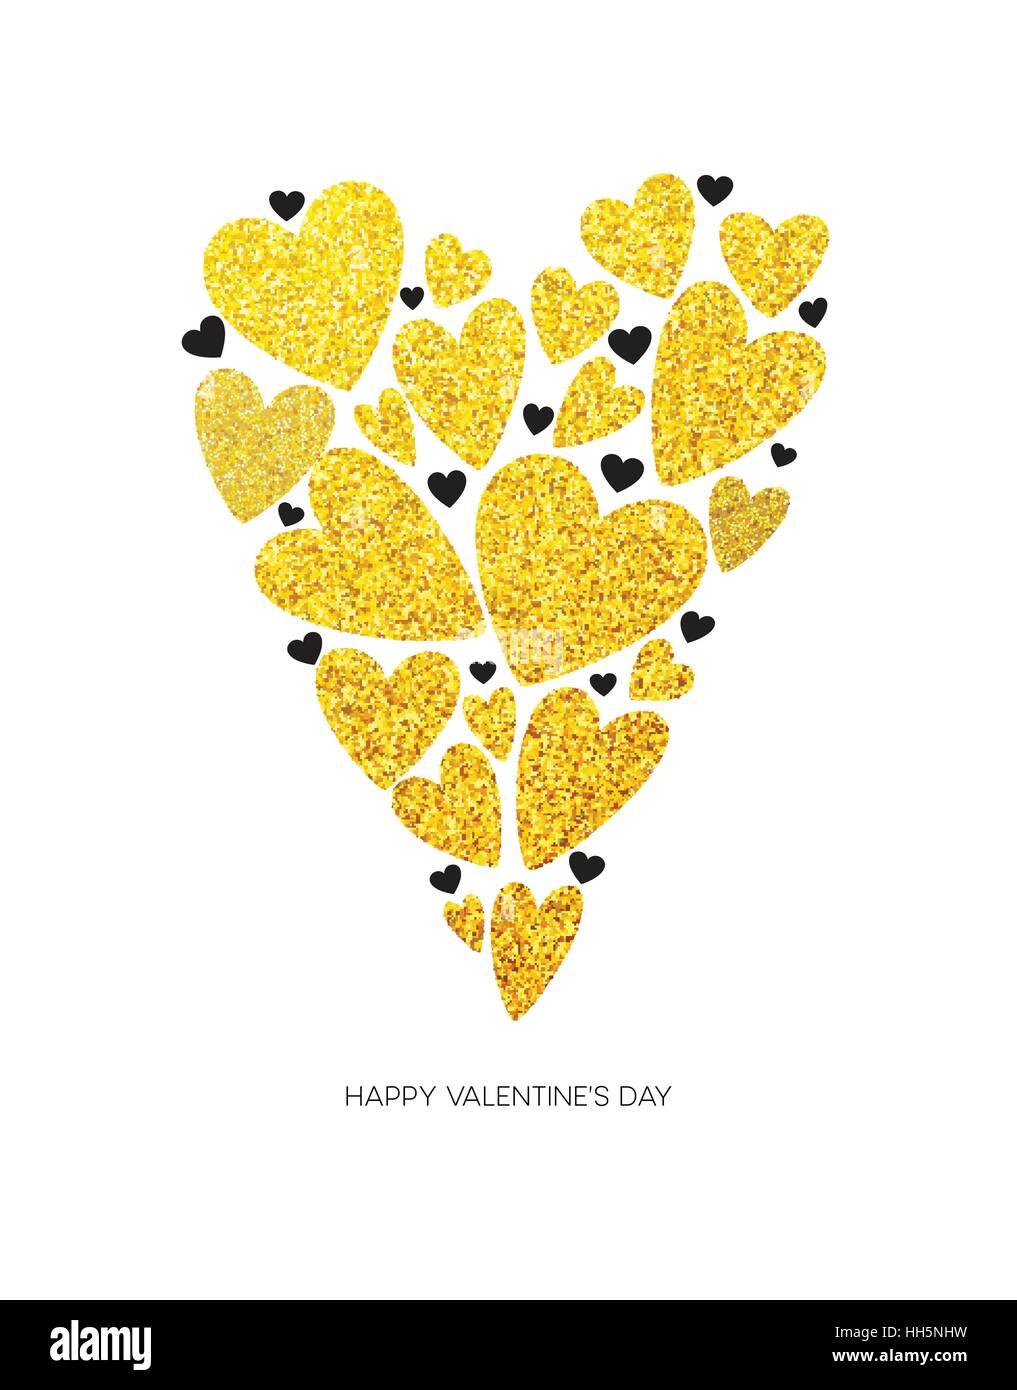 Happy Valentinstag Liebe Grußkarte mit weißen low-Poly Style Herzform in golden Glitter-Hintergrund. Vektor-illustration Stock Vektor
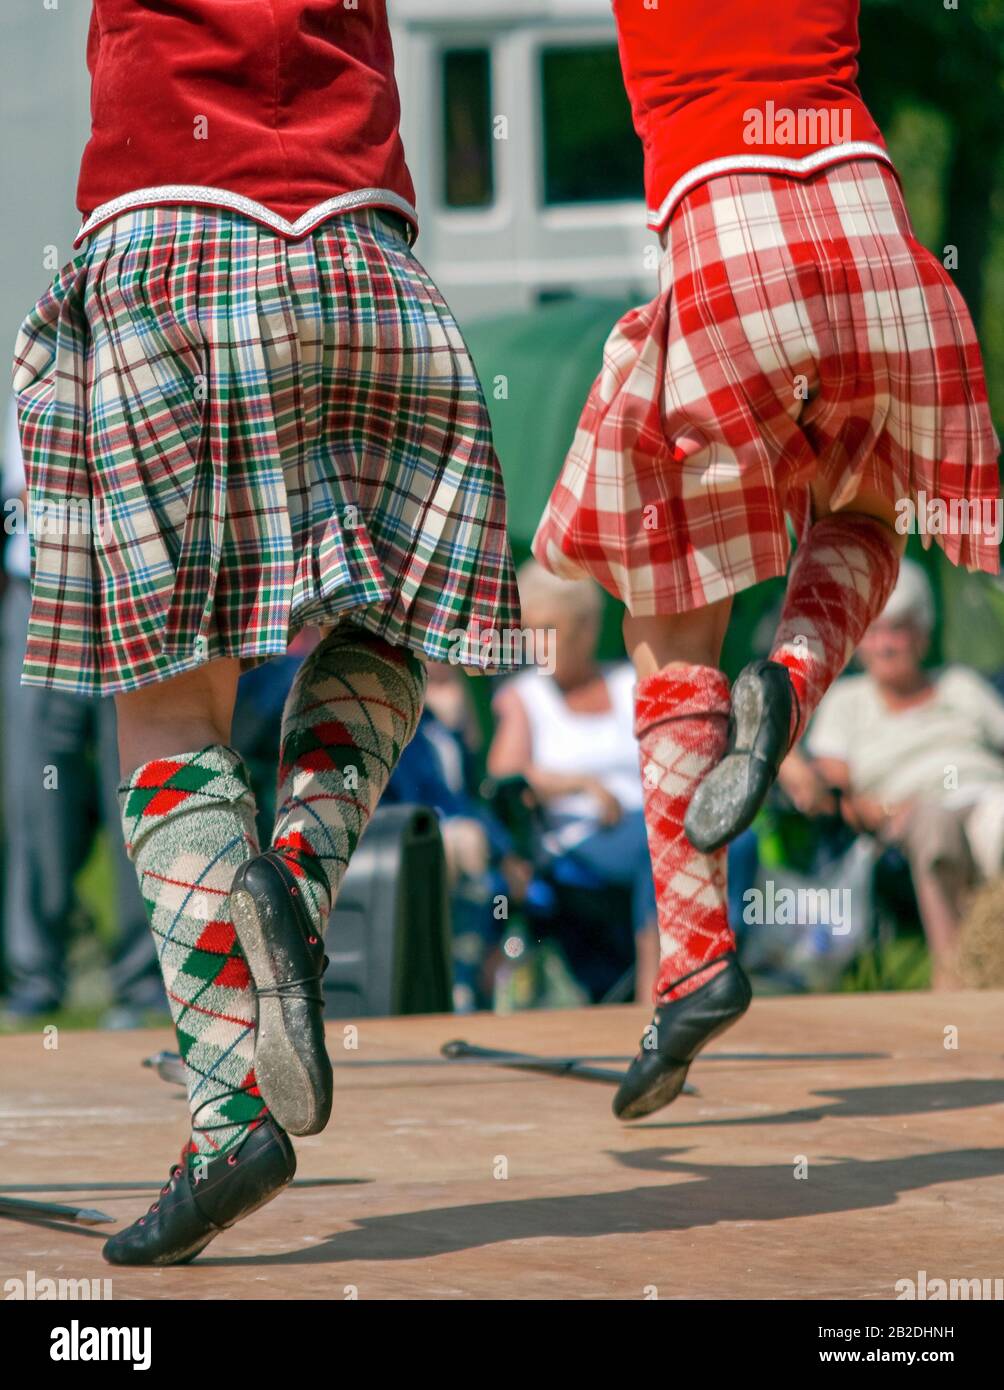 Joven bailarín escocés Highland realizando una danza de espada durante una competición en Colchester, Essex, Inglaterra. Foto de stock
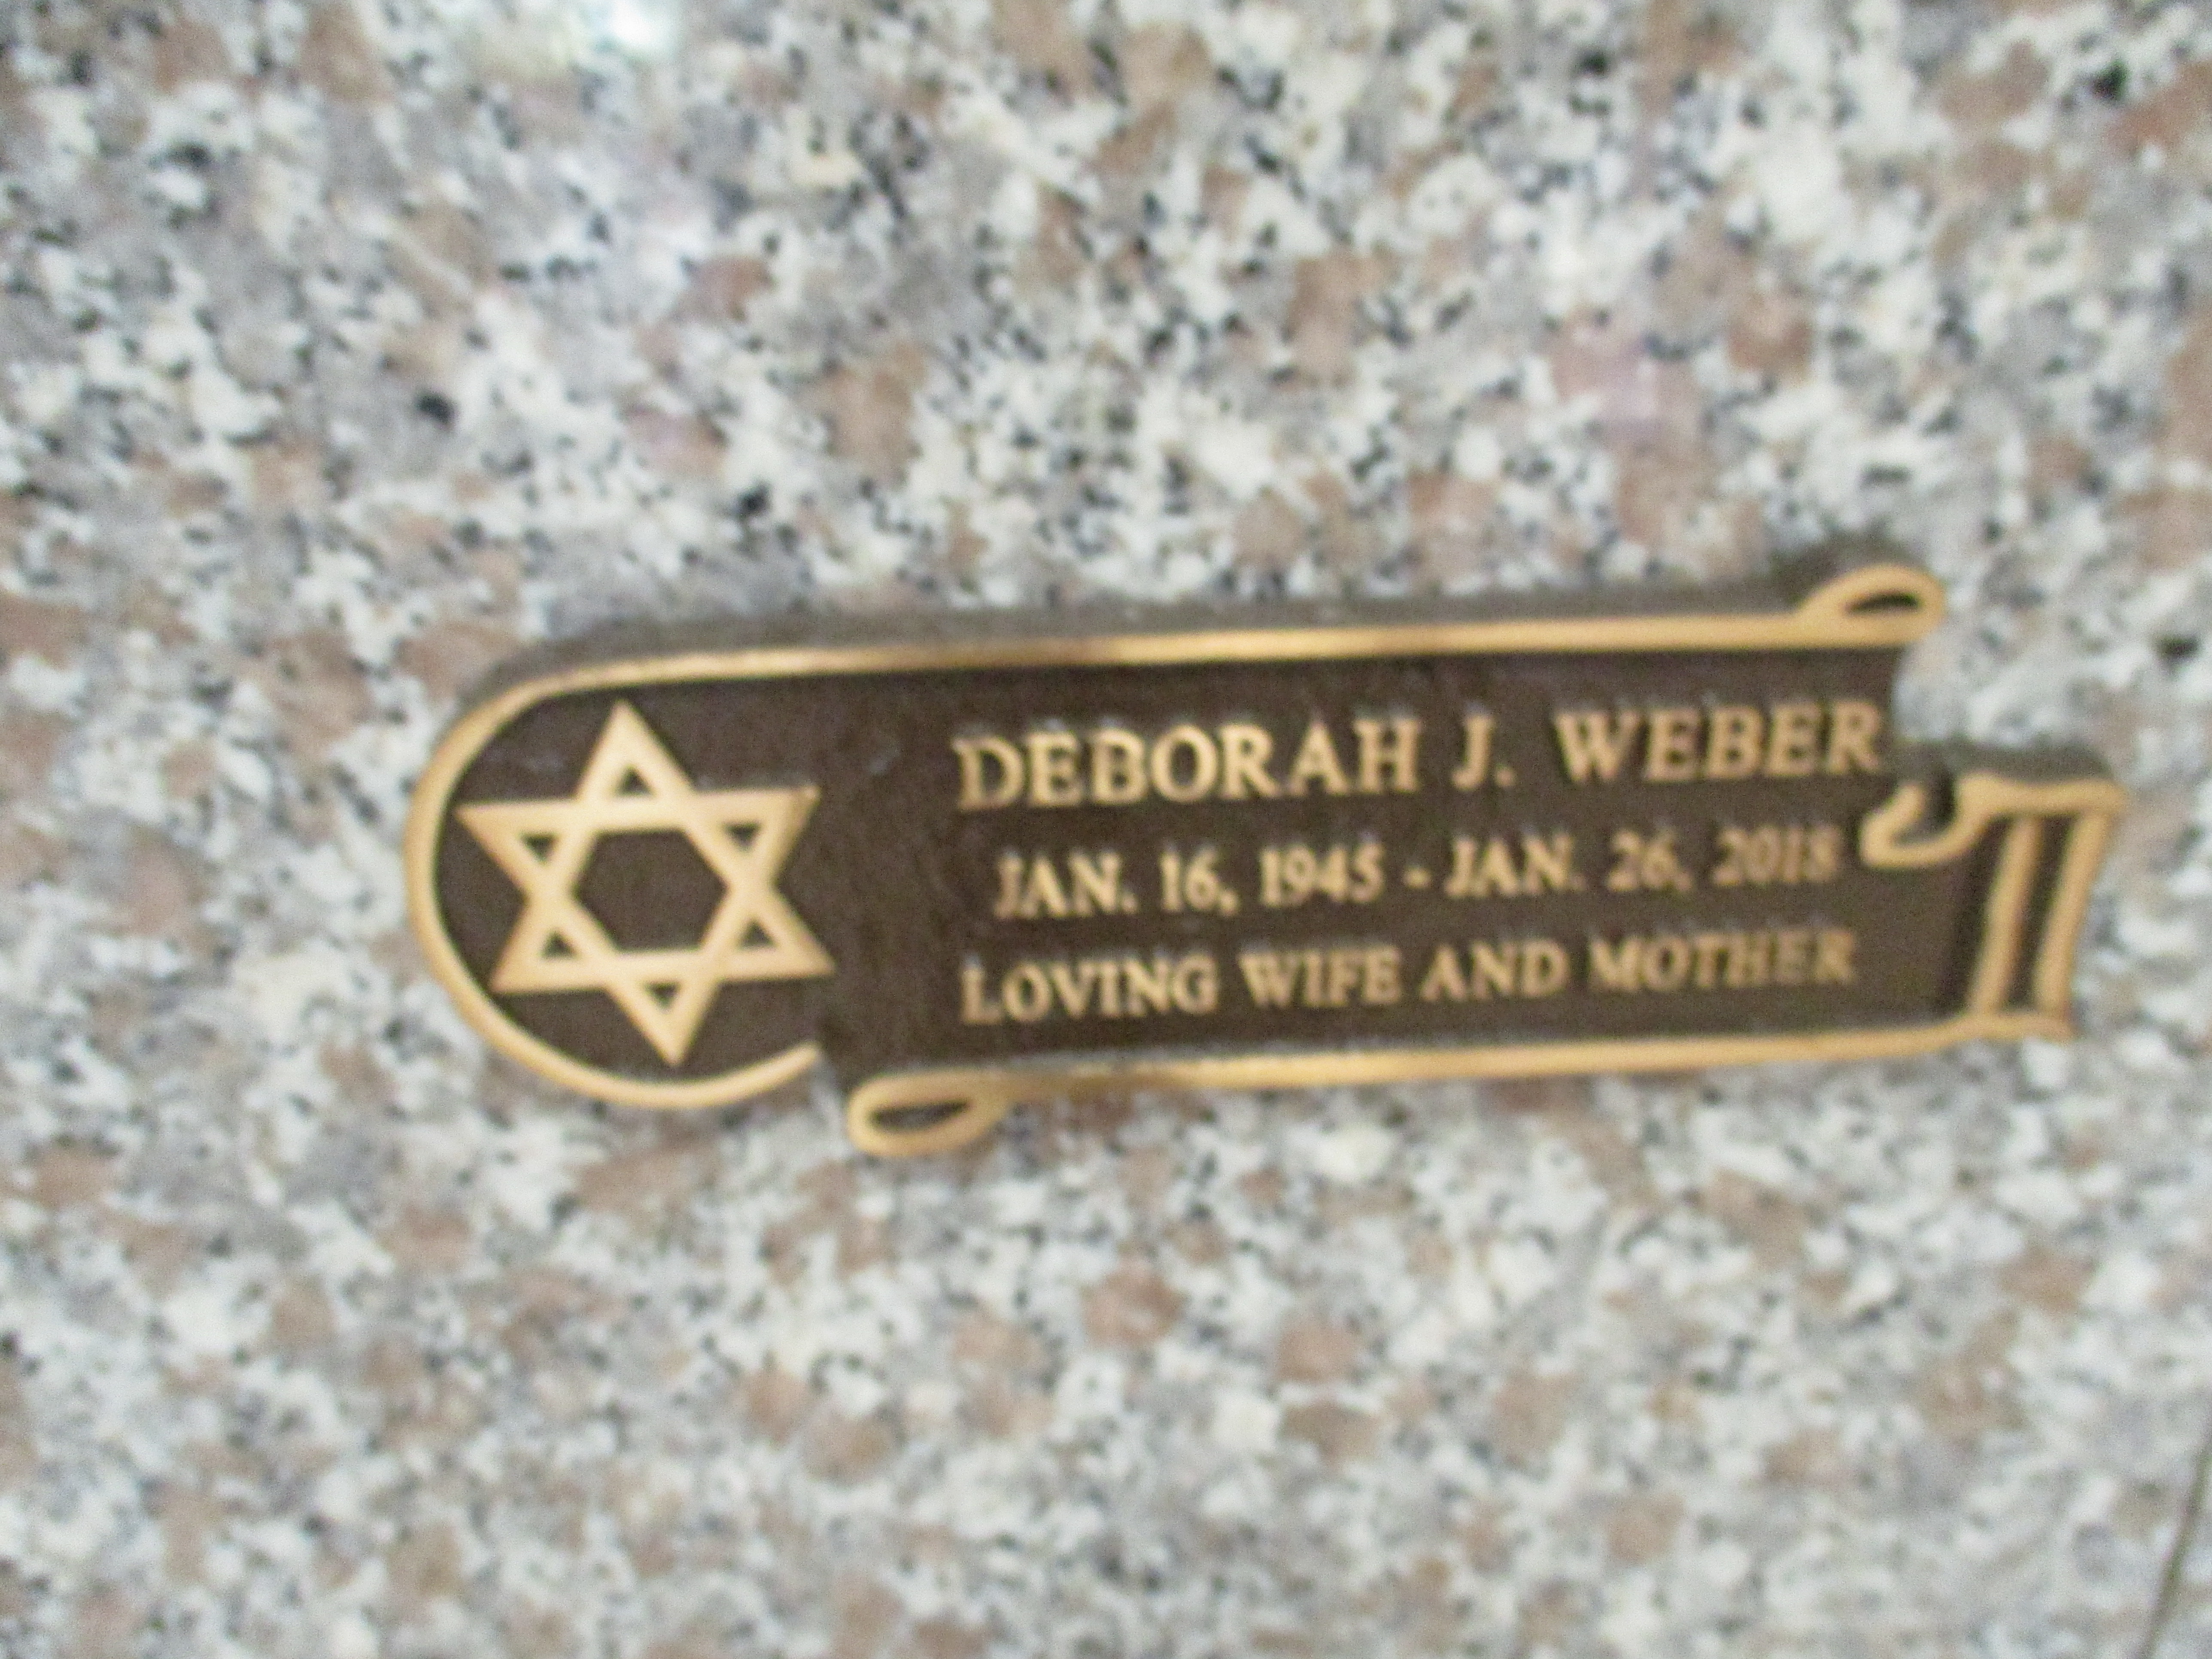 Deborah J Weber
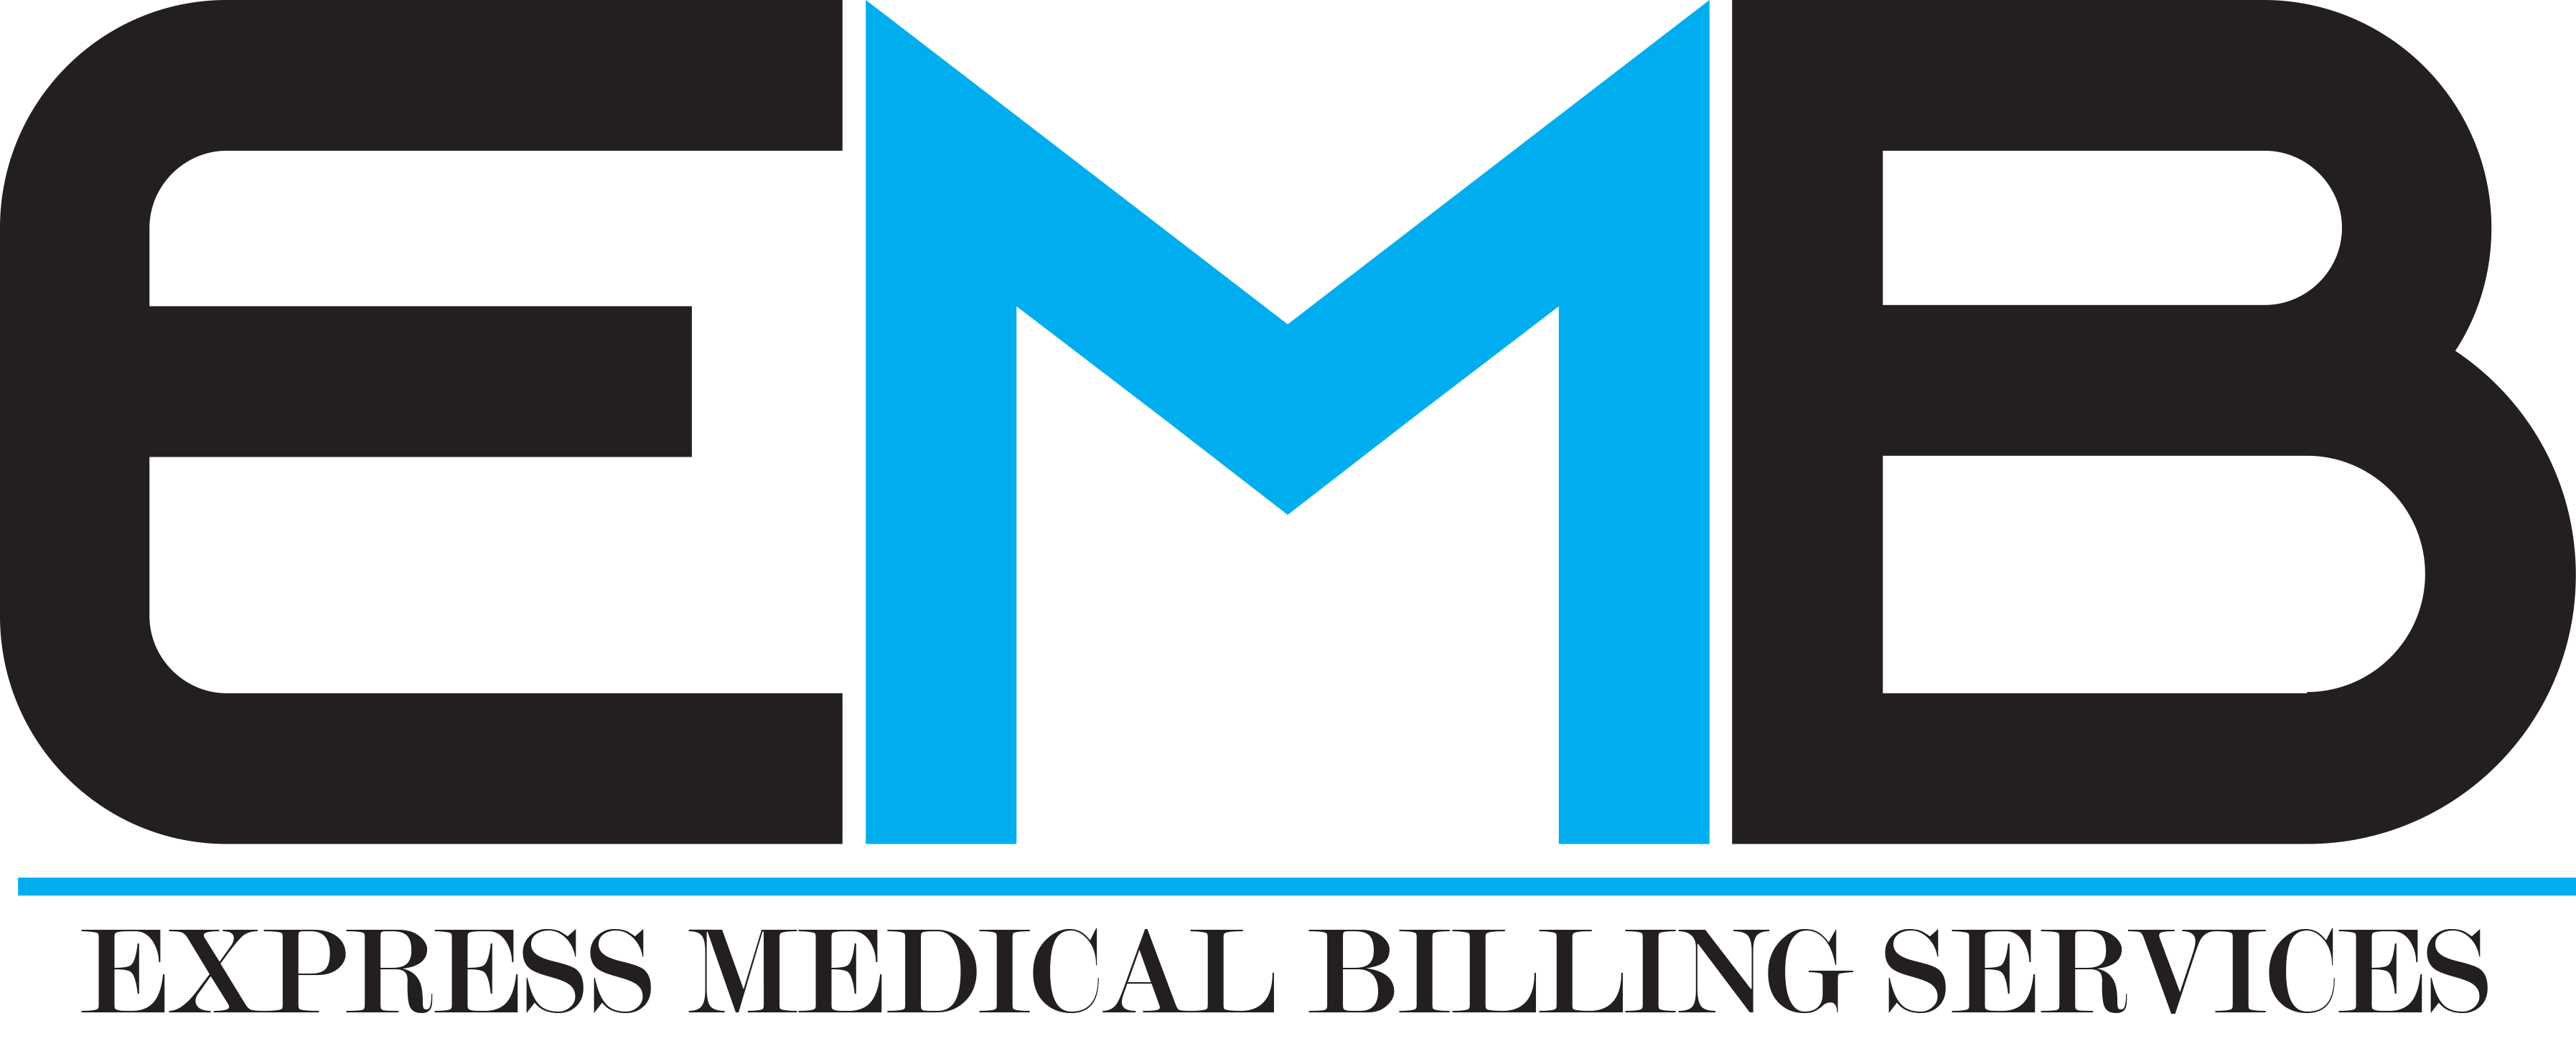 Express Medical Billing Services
===
→ THE PROBLEM
No pictures, please. Output the listing above exactly as it stands.

→ EXPECTED ANSWER
 Happy Valentinstag Liebe Grußkarte mit weißen low-Poly Style Herzform in golden Glitter-Hintergrund. Vektor-illustration Stock Vektor
 Joven bailarín escocés Highland realizando una danza de espada durante una competición en Colchester, Essex, Inglaterra. Foto de stock
 Deborah J Weber
 Express Medical Billing Services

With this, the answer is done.